New BLM report may alter drilling debate

New BLM report may alter drilling debate

Federal land managers will issue a long-awaited report today detailing how much of the country’s onshore oil and gas are available for drilling — data that could shape the debate over land-use restrictions on energy companies seeking access to prized reserves.

The report comes three years after a study commissioned by a 2000 energy bill found that more than 80 percent of the reserves is already available for development.

That assessment was popular with environmentalists, who use it to argue that the industry does not need special breaks to get access oil and gas under federal lands, some of it locked beneath pristine Rocky Mountain wild lands.

But energy companies said the earlier study didn’t tell the full story, and they lobbied for an updated tally, which was mandated by the Energy Policy Act of 2005.

Environmentalists and industry advocates expect the new inventory to show that energy companies face more restrictions than the Bureau of Land Management previously reported.

The updated study examines a wider geographic area, including regions east of the Mississippi River and a northern Alaska basin that includes the Arctic National Wildlife Refuge, said Matt Spangler, a BLM spokesman.
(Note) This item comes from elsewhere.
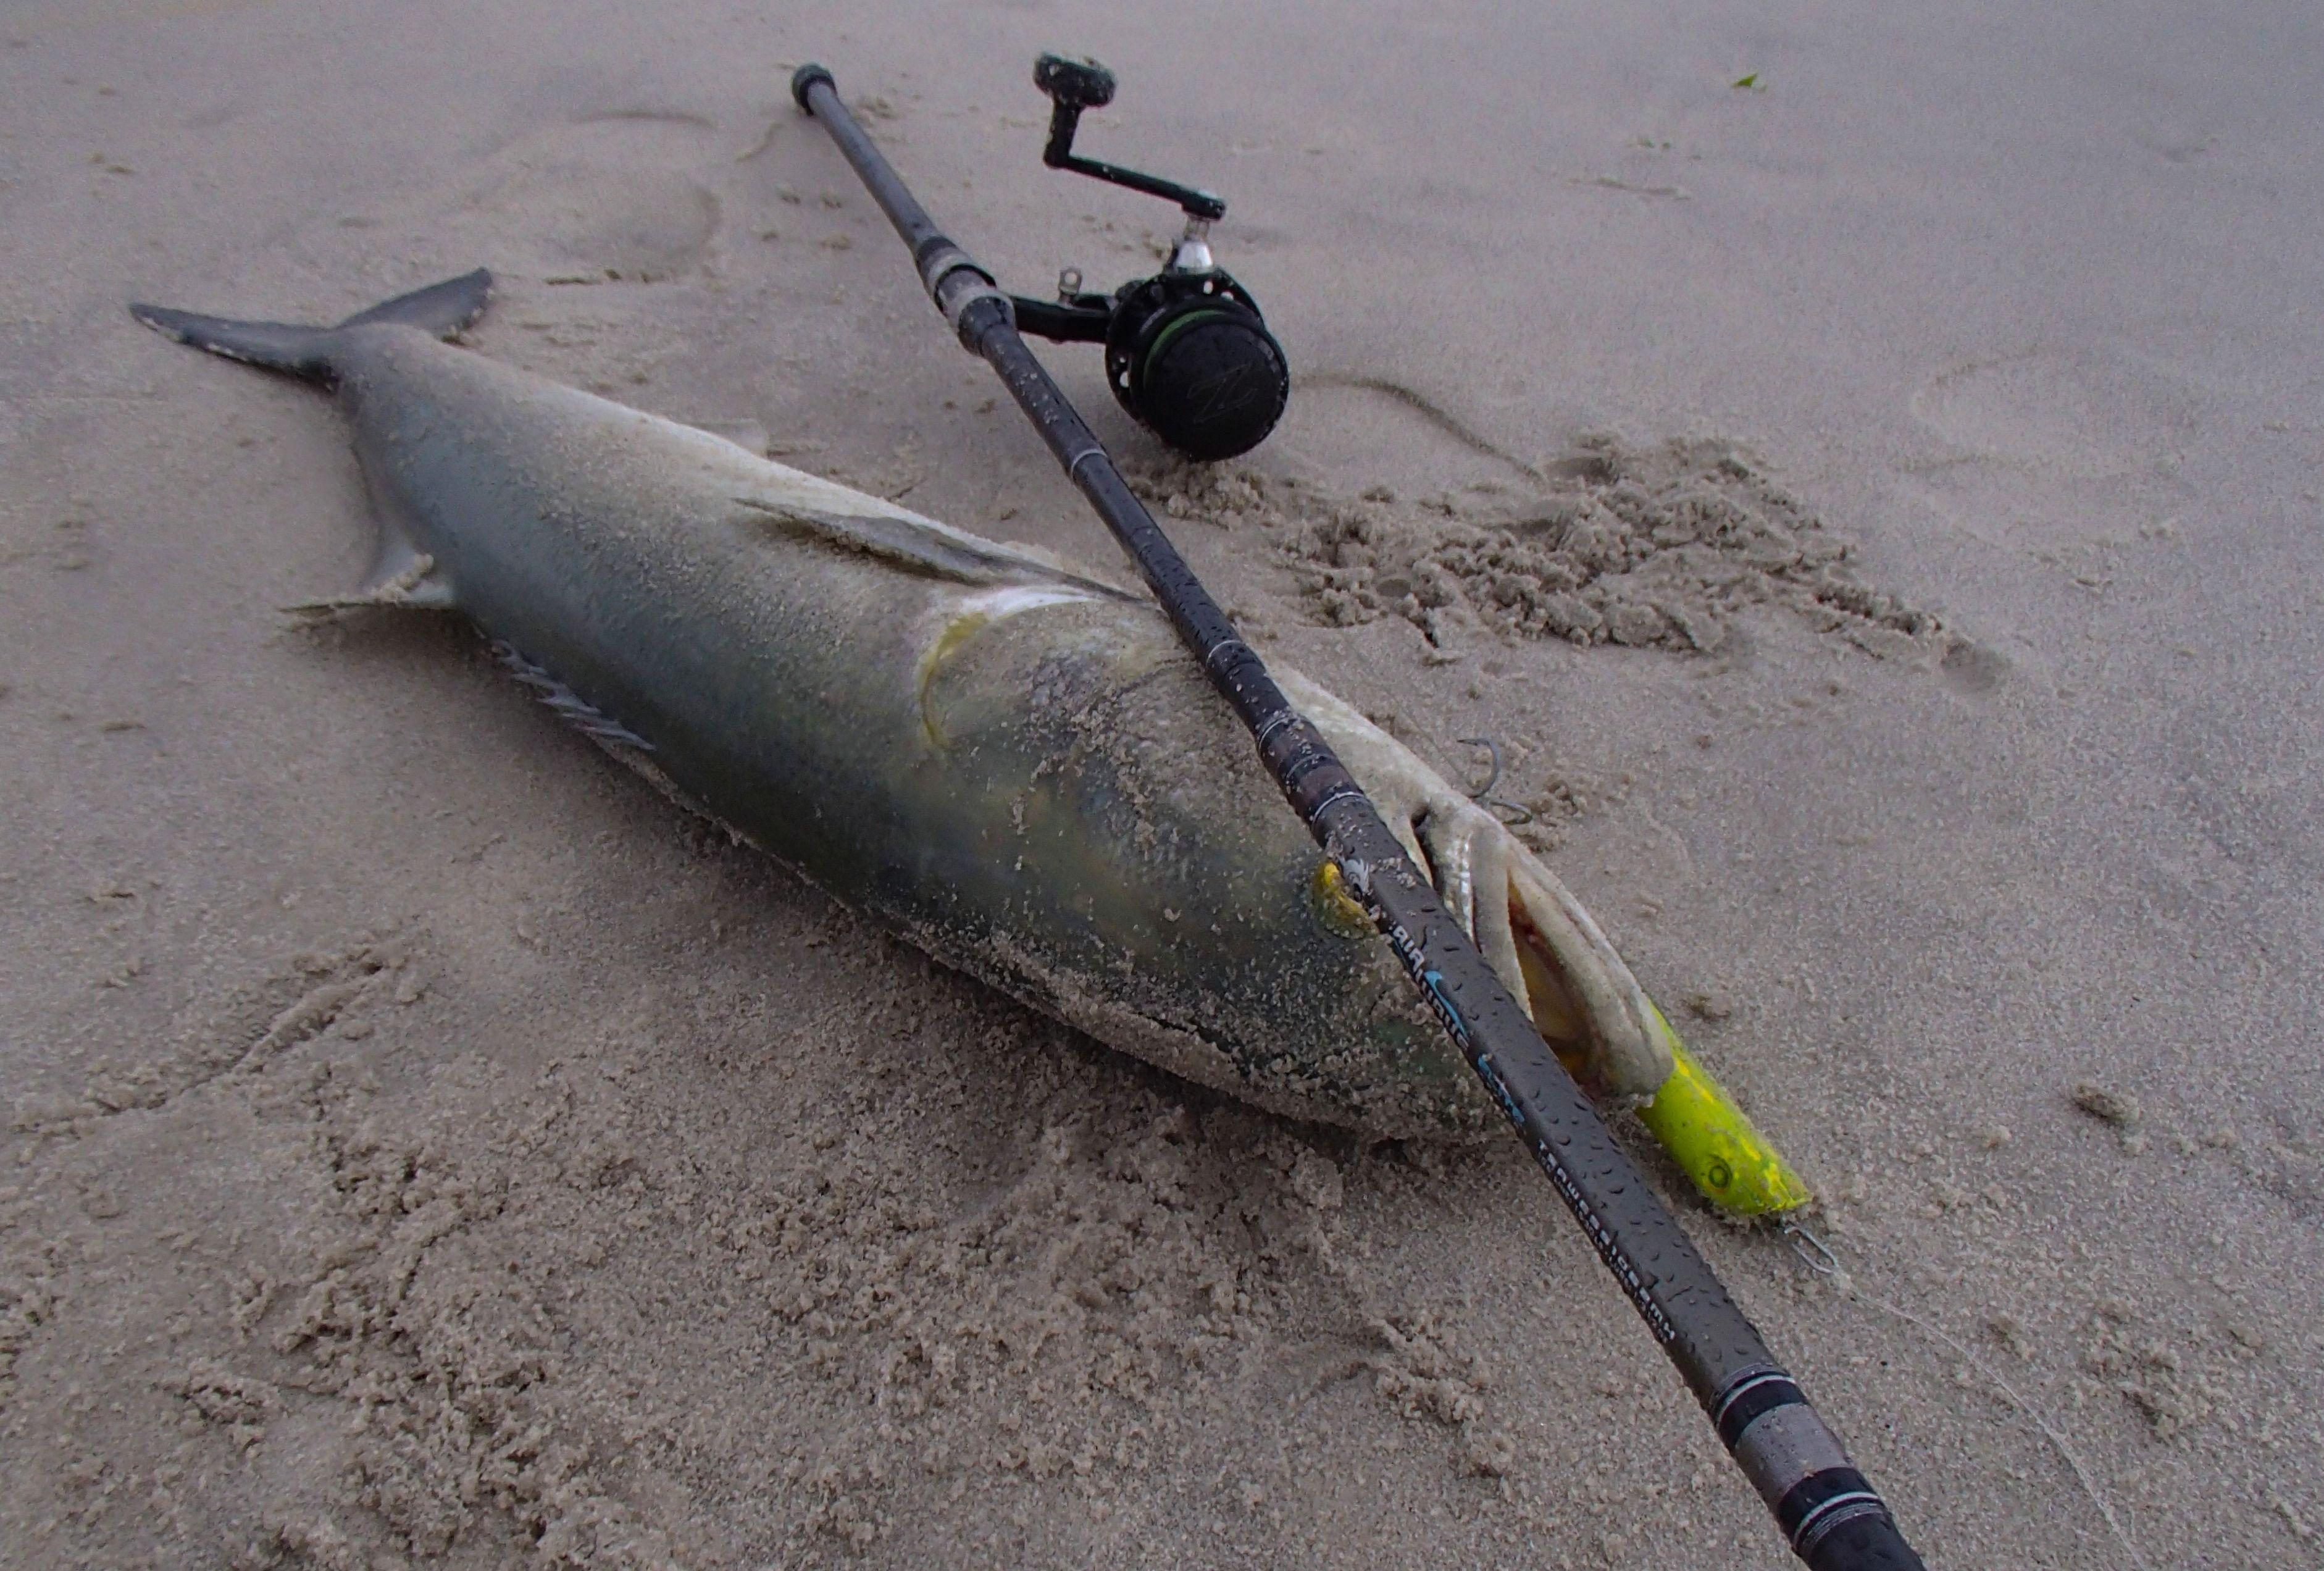 Bluefish On A Tsunami Airwave Elite Spin Fishing Rod 2 Pc 10 6 15 30 Lb Tsawess 1062mh Fish Bluefish Fishing Rod
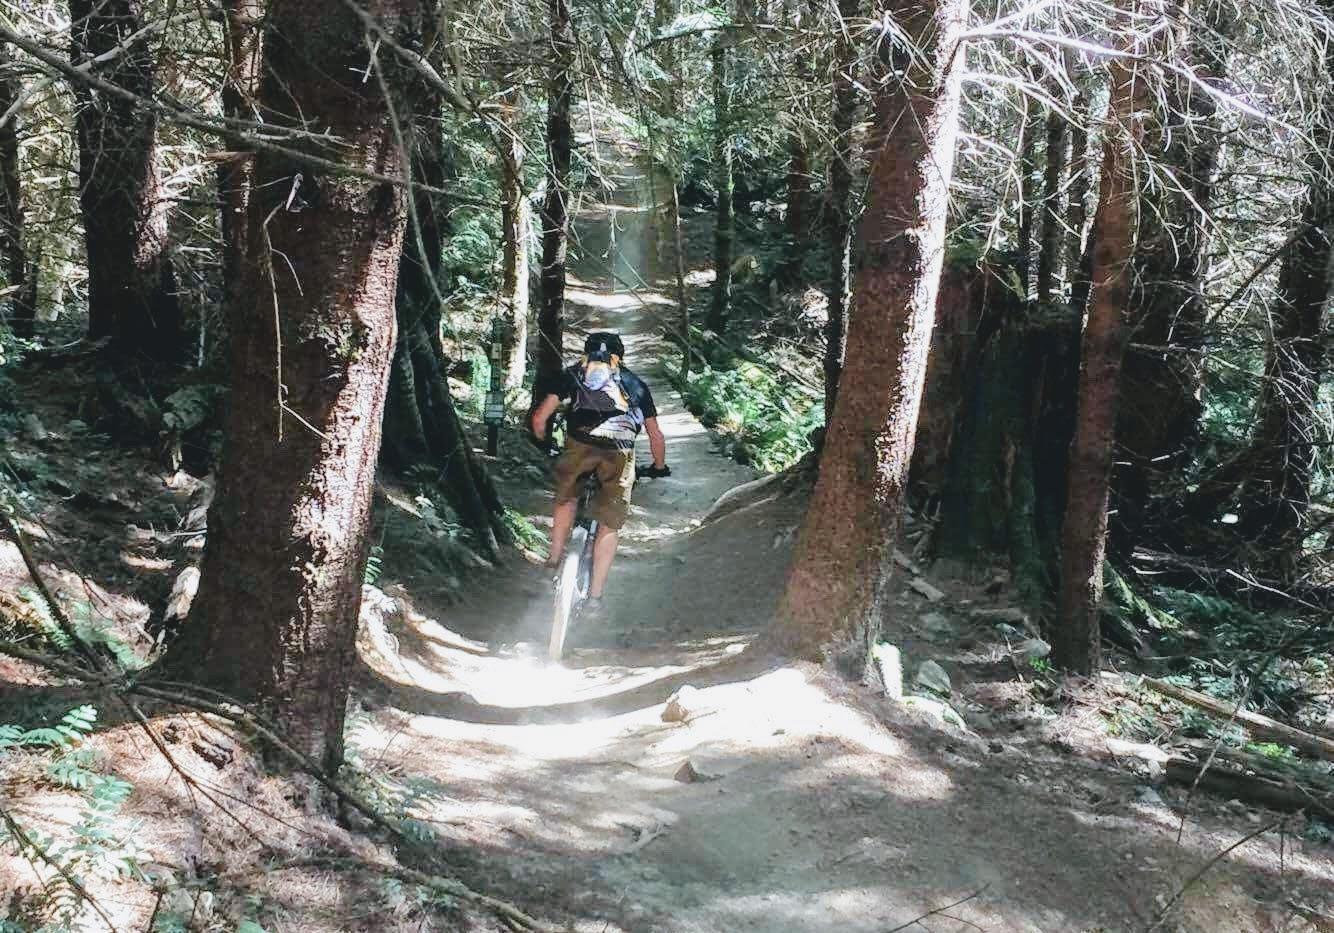 Squamish_MtnBikingJPG

Lawmakers have battled for 25 years over whether to tap vast oil reserves on the 19 million-acre Alaska refuge.

The new study also considers the effect of conditions placed on drilling permits, such as restrictions on wintertime drilling to protect elk and deer.

Industry lobbyists have long argued they face troublesome bureaucratic hurdles to get access to domestic oil and gas resources. The new report could give them added ammunition when talking to lawmakers and agency officials about streamlining the permitting process.

“It will absolutely help in giving policy makers a better understanding of what (drillers) are facing,” said Dan Naatz, an Independent Petroleum Association of America vice president.

But environmentalists, who have worked to stave off drilling in areas proposed for protection, fear the report will be slanted toward industry.

“I hope we won’t have an example of the Bush administration interfering with science for political reasons, but I’m afraid that’s what we’re going to be seeing here,” said Dave Alberswerth of the Wilderness Society.

BLM Director Kathleen Clarke will unveil the new inventory in a conference call with reporters this afternoon.

The 2003 study focused on resources in Western states from New Mexico to Montana, including the greater Green River and Powder River basins. The new inventory analyzes the extent to which oil and gas beneath 99 million acres of federal lands are available for leasing. It includes land in Florida, the deep South and the Appalachian Mountains, from Tennessee to New York.